このような人との交わりはよくあります。逆に私がというパターンもあります。
共通するのはお人好しで友好的であるという事でしょう。^^

この木々の存在を私の他にどれほどの人が知ってるのかはわかりません。
そしてそれをお気に入りにしてるというのは勝手な事なんでしょう。
当然なのでしょうが、私のような観光客のために存在してるものではないという事です。
ただ木々の存在理由や役目は私たちの想像です。どうしても切らなければならなかったのでしょう。
一言では言えない程とても残念でなりません。


Commented by unclemeetpie at 2025-10-19 07:08
消し去るのは一瞬。でも、消えたものは決して戻らない。
利便性がすべてではないと思いたいです。
そうでないものを理解したり、愛着を持ったりするのが、人間という生き物です。
Commented by doronko-tonchan at 2025-10-19 07:40
unclemeetpieさん。

仰る通りです。
ただ皆が同様ではないというところも人間なんでしょうね。
Commented by yumimi61-2 at 2025-10-19 18:05
この北海道らしい風景は牧場だったんですね!キタアカリ~餡子~!!(いいですね)

ちょっと話は違いますが、牧場にしても畑にしても、あれだけ広大な土地を開拓(開墾)した人々ってすごいですよね。今ほど機械化されていなかっただろうし、並々ならぬ苦労だったろうなぁと。
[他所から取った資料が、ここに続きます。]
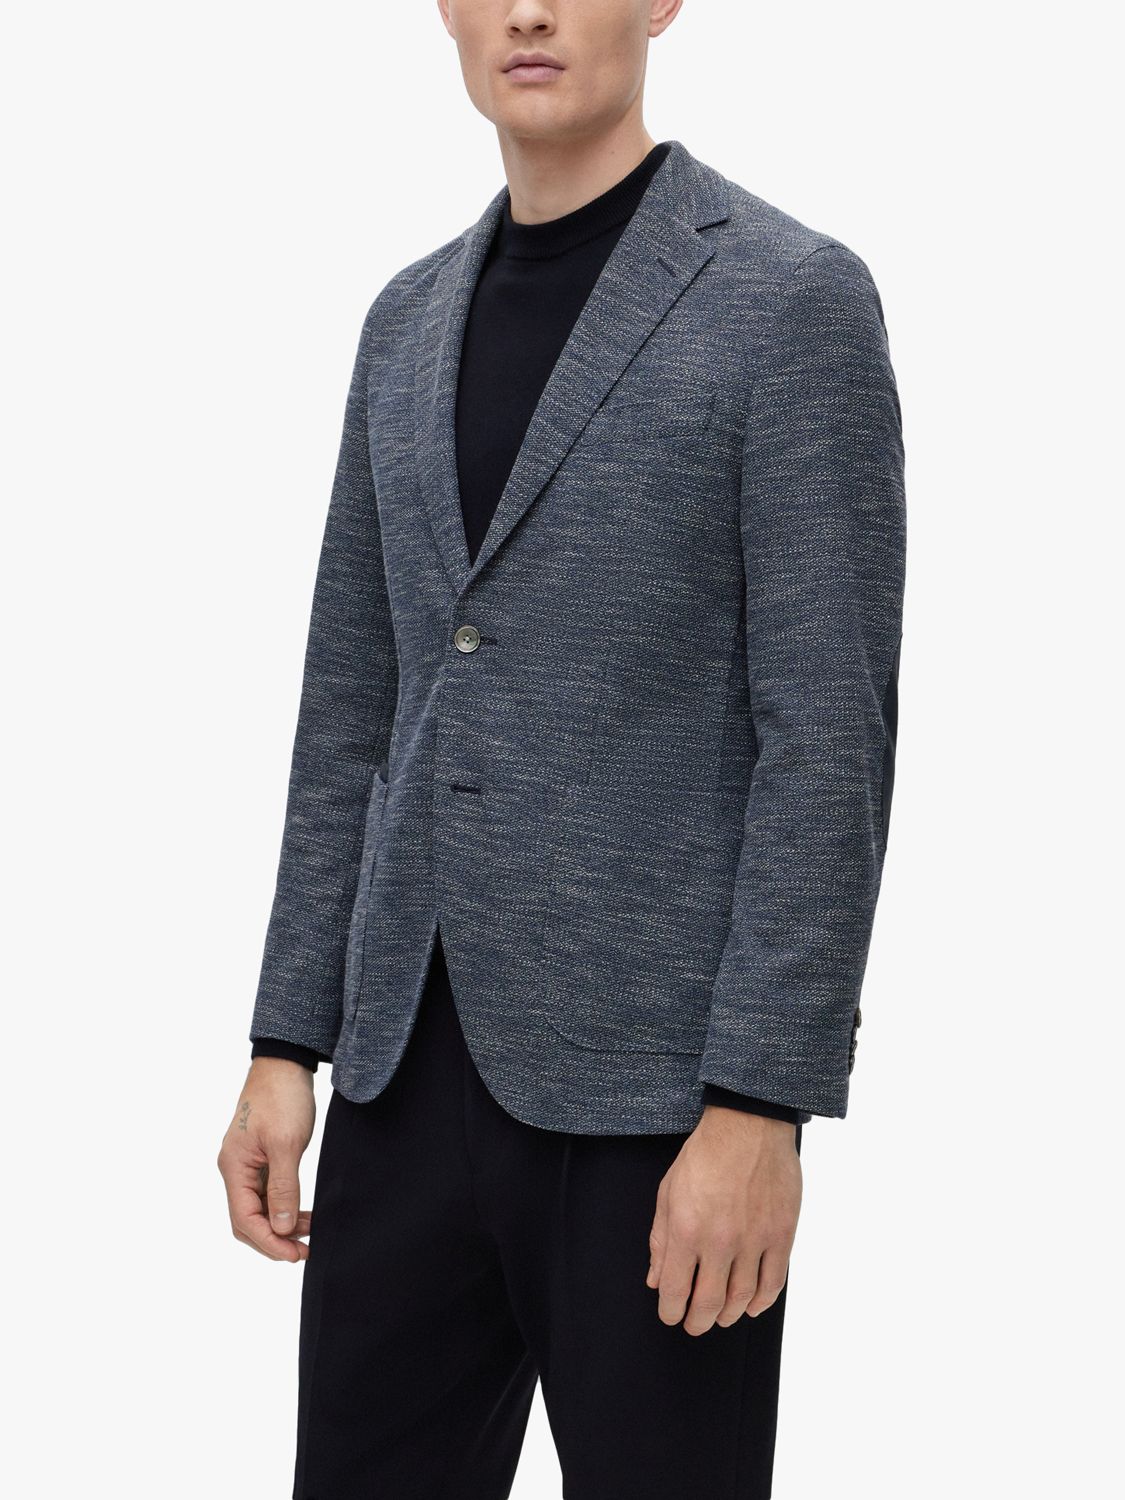 HUGO Jaye Elbow Patch Suit Jacket, Dark Blue at John Lewis & Partners

あと、これもちょっと話はずれるかもしれませんが、昨今、自然の中の私有地問題の複雑さを感じることもありまして。
というのも、北海道に限らず、国有地や自治体所有地以外は山であっても私有地なんですよね。
あるとき知人が「キノコ狩りや山菜取りって他人の庭から野菜取るのと同じじゃない?」と言っていたことがあったんです。(都市部出身の人です)
近年は、観光客のマナー違反が取り沙汰されるのと同様、そういう考え方をする人も増えているようです。所有者がどう思っているかは、それこそ一様ではないんでしょうけれども。
それは熊問題とか狩猟問題にも遠からず繋がっていくような感じもします。
Commented by doronko-tonchan at 2025-10-20 05:31
yumimi61さん。

そうですね。仰る通り土地はどこであれ誰かの所有物(私有地)です。
許可を得ず山菜採りをしてきた私は犯罪者です。マナー違反より悪いです。
穴が在ったら入りたい穴も誰かの私有地なのでしょうね。(笑)ふざけてる場合じゃないですね。
謝罪して反省して更生します。



Commented by kanjoo at 2025-10-21 10:55
何時も拝見させて頂いております。
1カットでの撮影表現素晴らしく、又その文章もまるで哲学的に読み取れます。
又、楽しみにしています。
Commented by doronko-tonchan at 2025-10-21 11:22
kanjooさん。

いつも見て頂いてありがとうございます。
そのようなご感想に大変恐縮です。^^
今後共どうぞよろしくお願い致します。